▸ What this task involves
Take the lines in the listing below from the line with "Westie Dog Wallpaper (62+ images)" up to and including the line with "High fashion wedding dress inspiration" and set them down exactly, skipping pictures and adding nothing.

▸ Extracted information
———

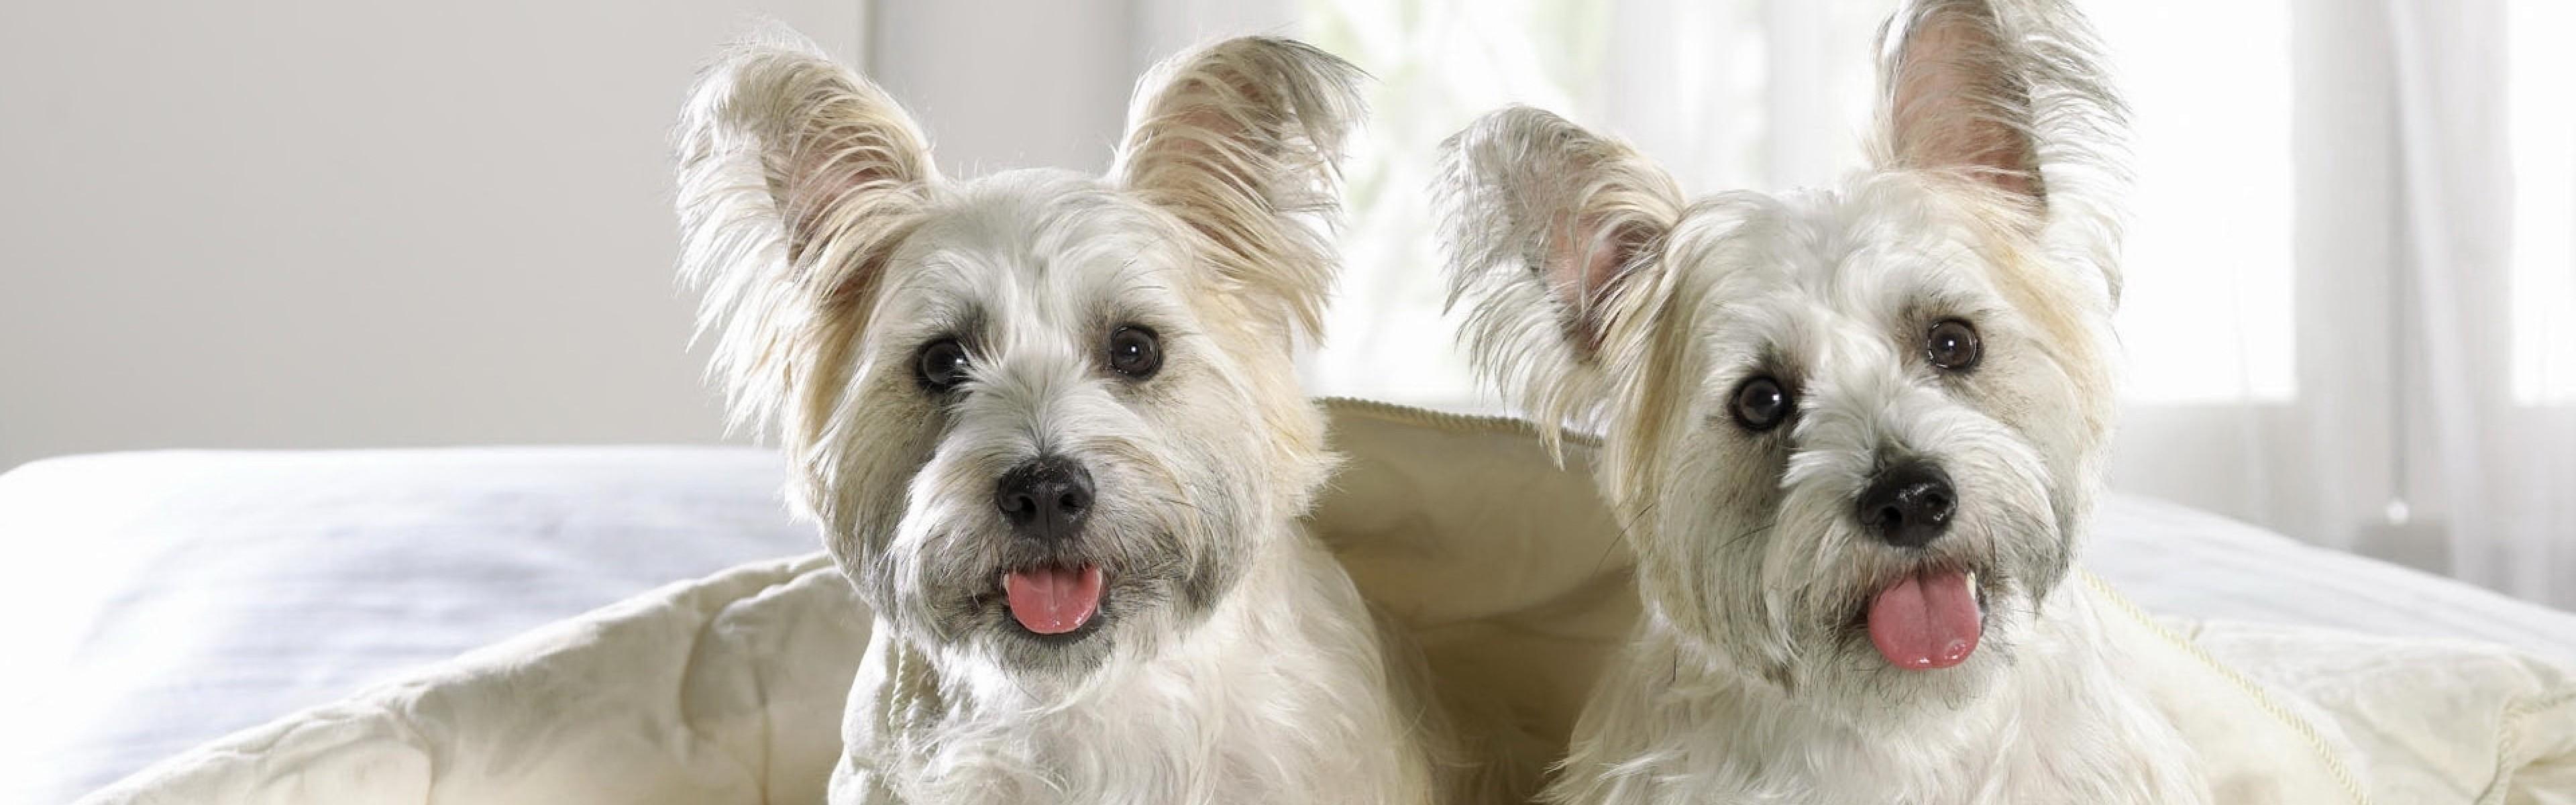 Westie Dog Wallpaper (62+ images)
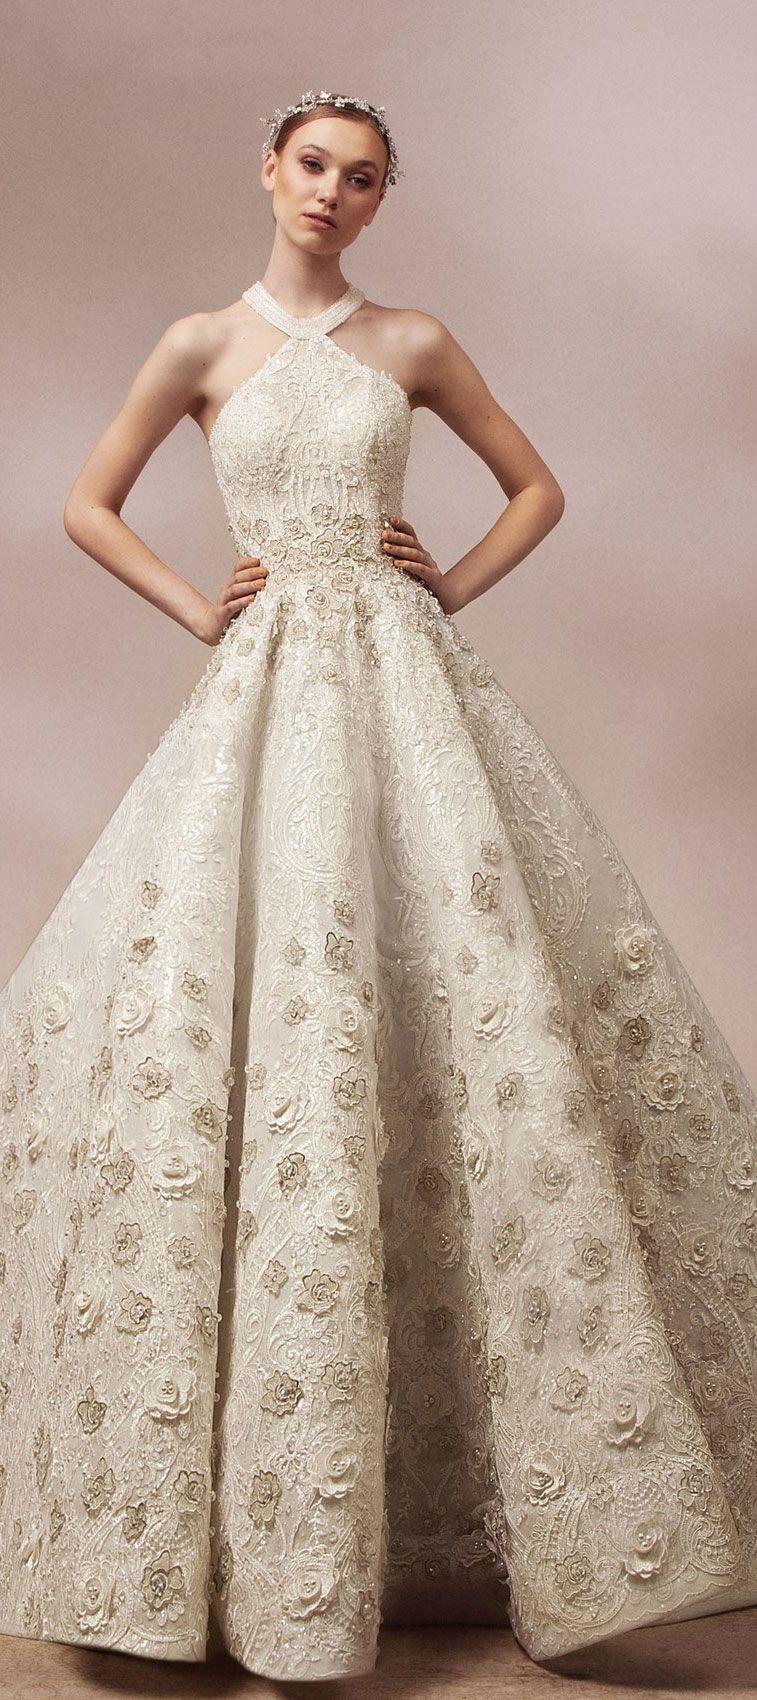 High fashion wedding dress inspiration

———

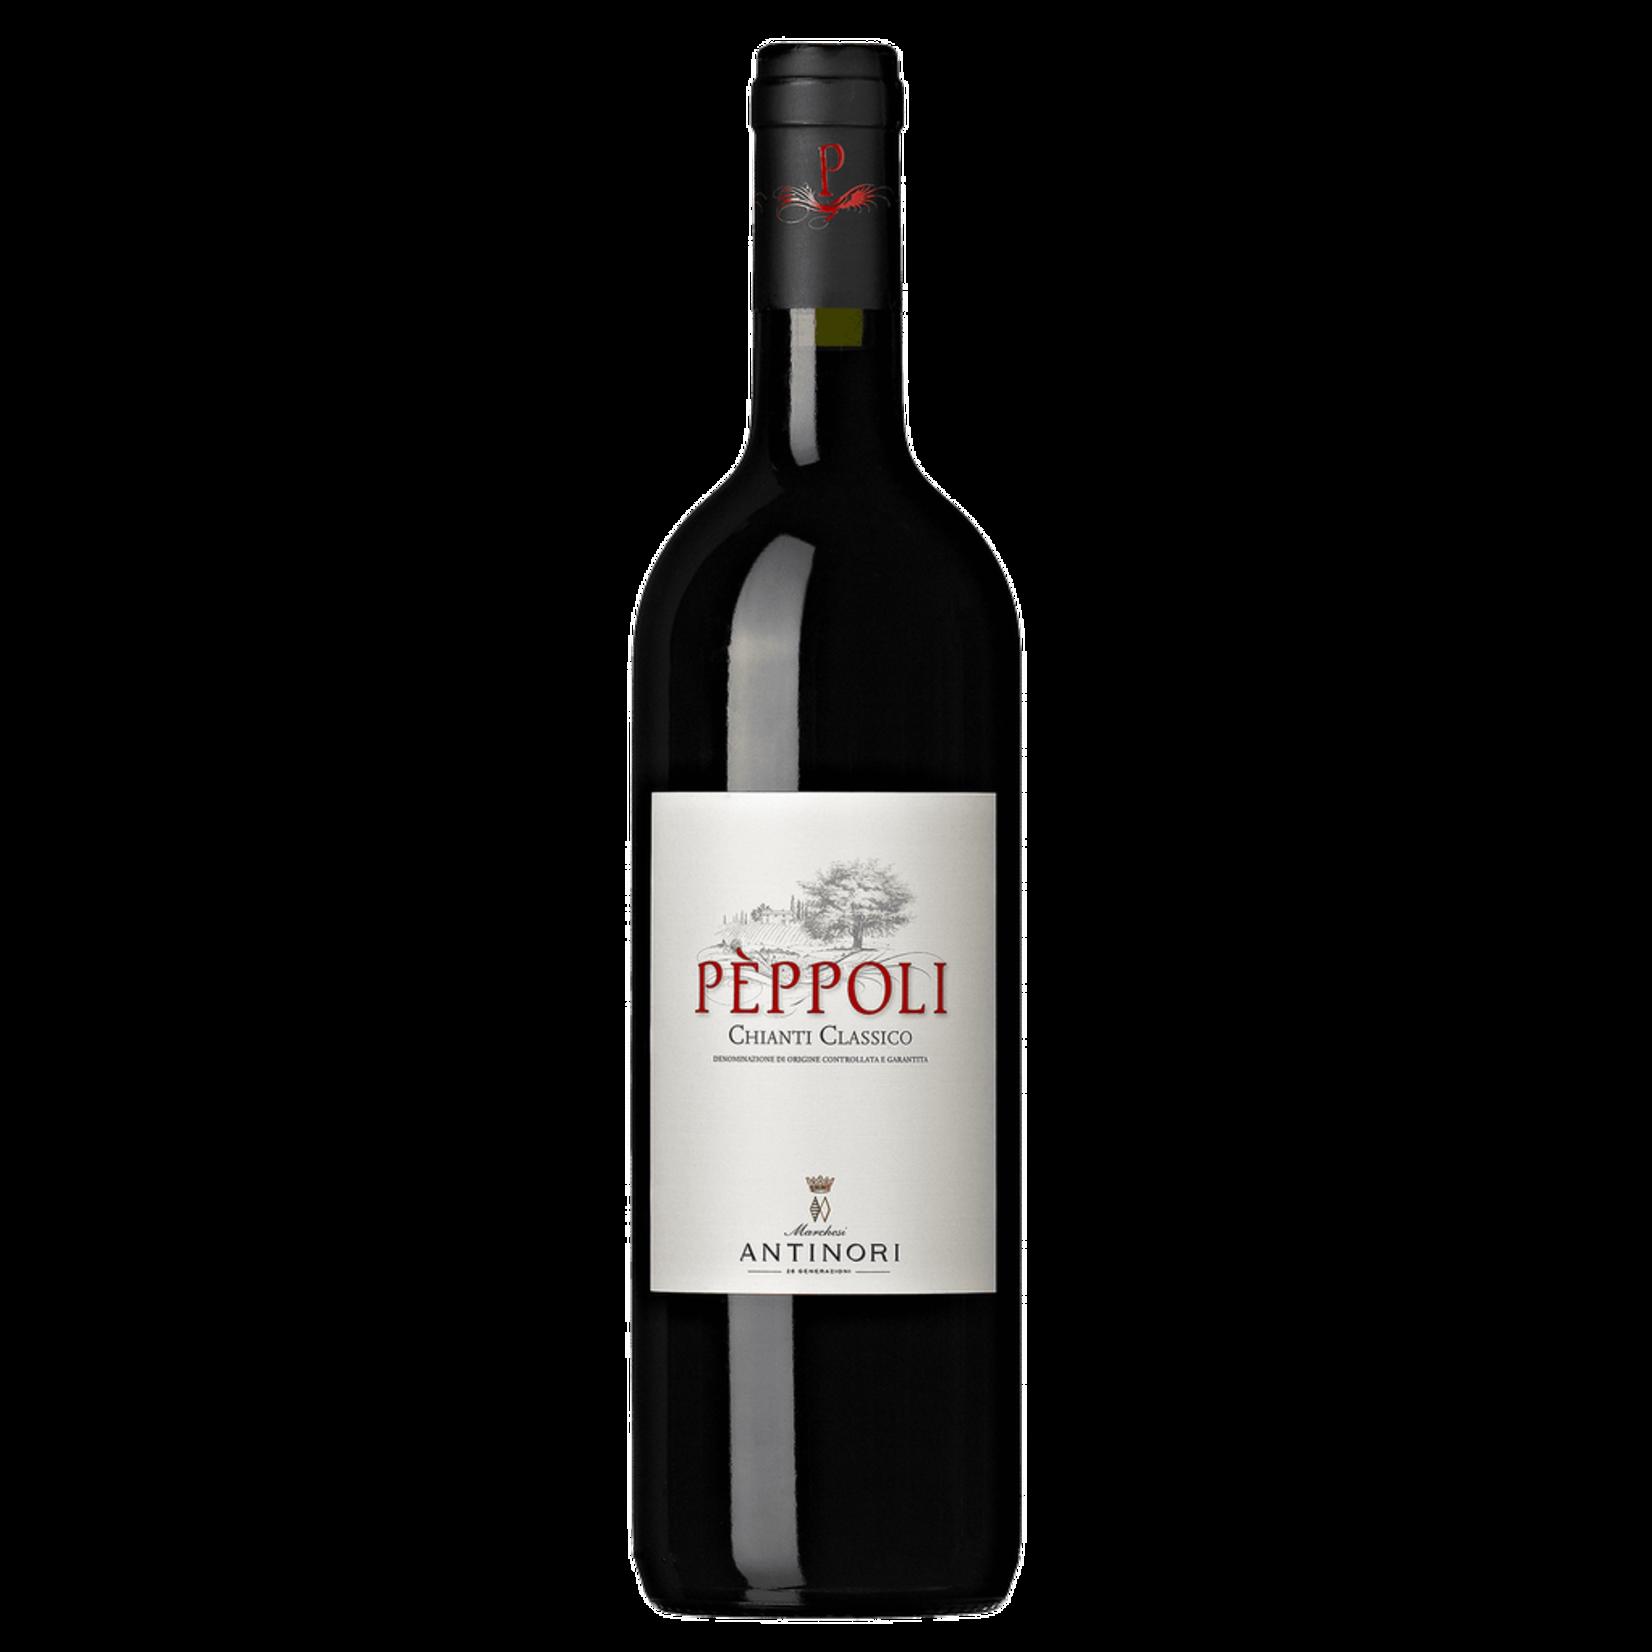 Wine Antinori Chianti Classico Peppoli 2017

———

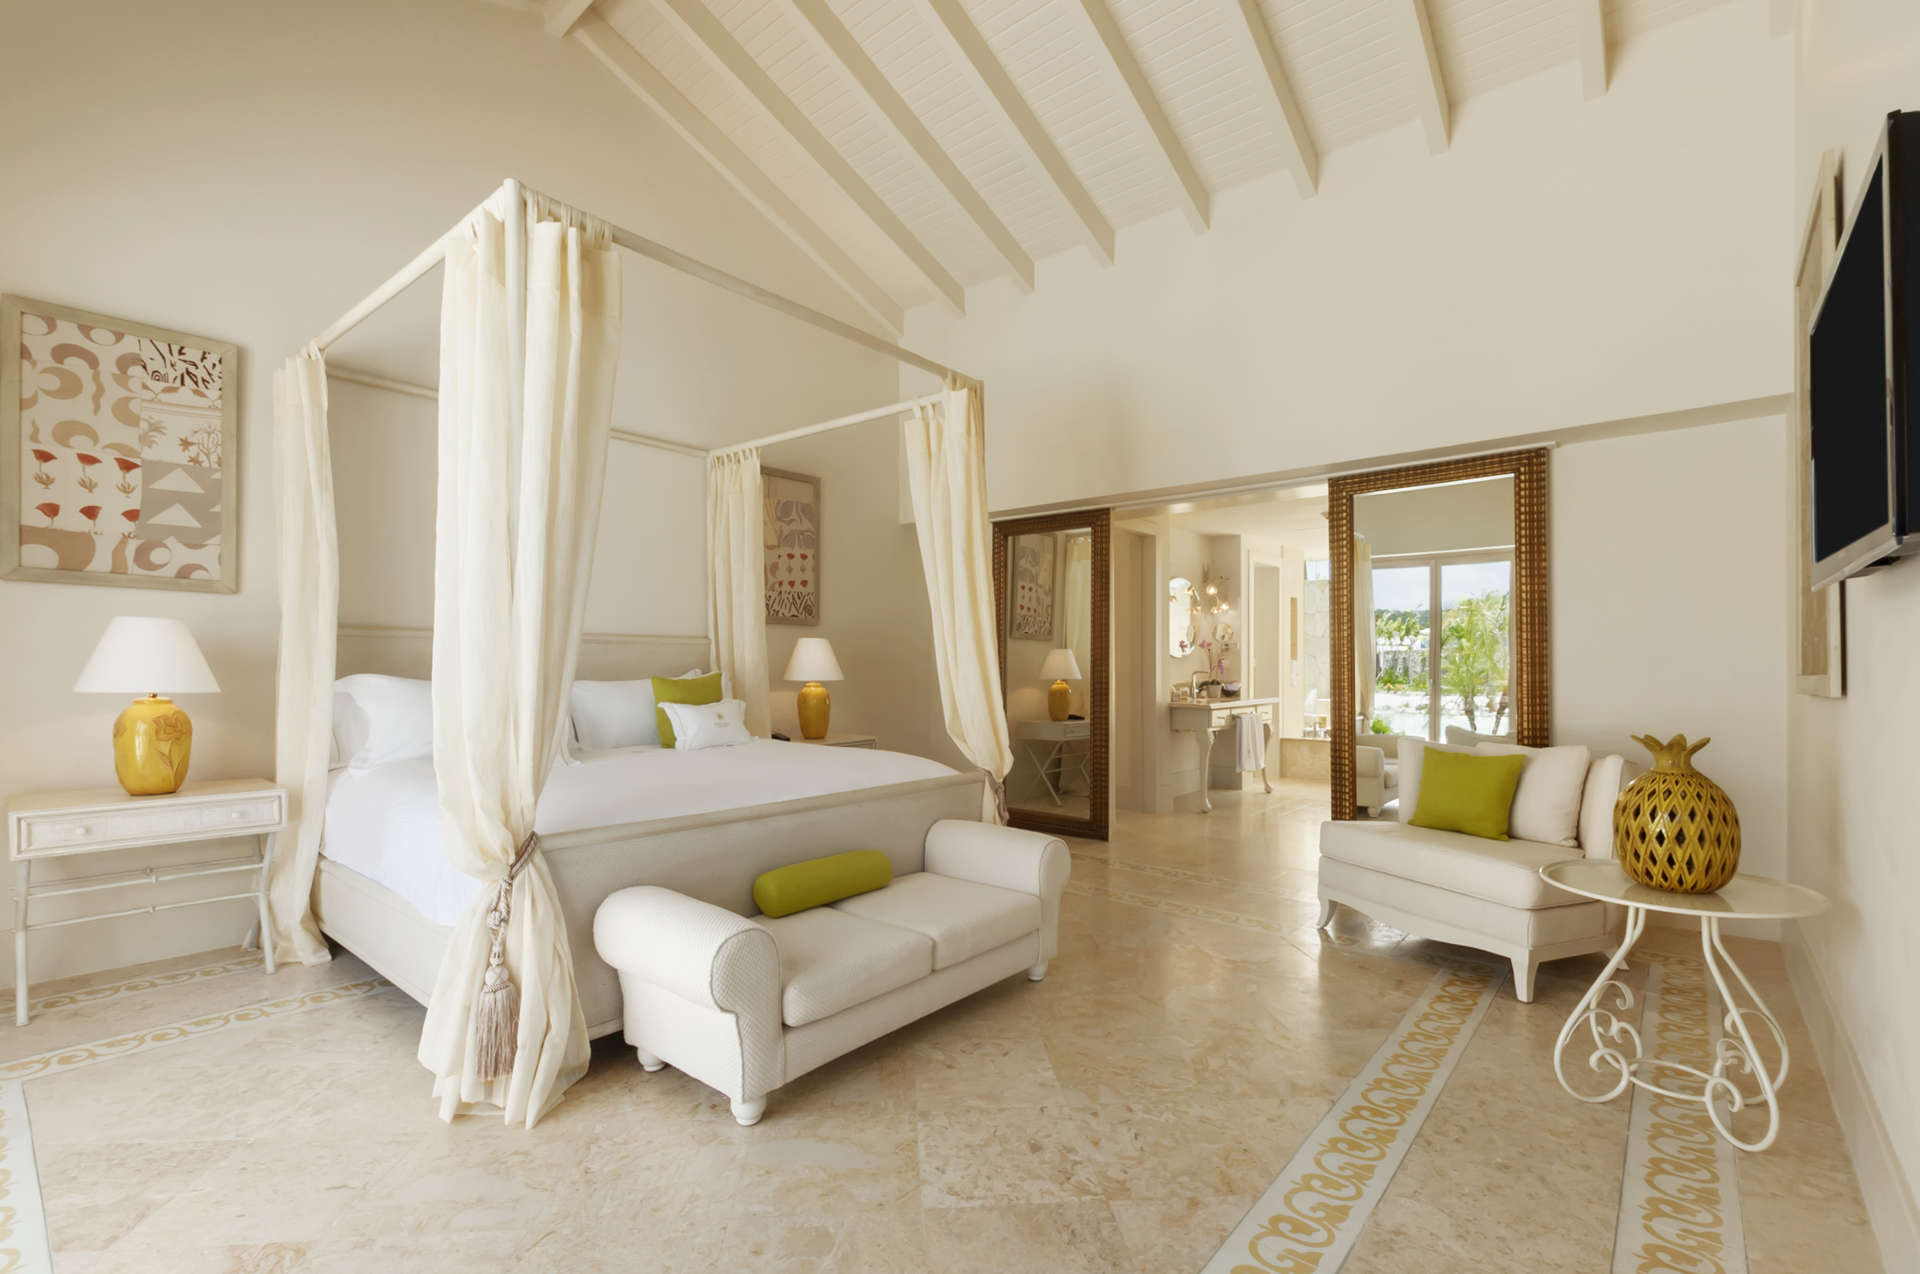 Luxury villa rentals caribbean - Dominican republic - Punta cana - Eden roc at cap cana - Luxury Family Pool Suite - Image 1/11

———

▸ Completed task
 Westie Dog Wallpaper (62+ images)
 High fashion wedding dress inspiration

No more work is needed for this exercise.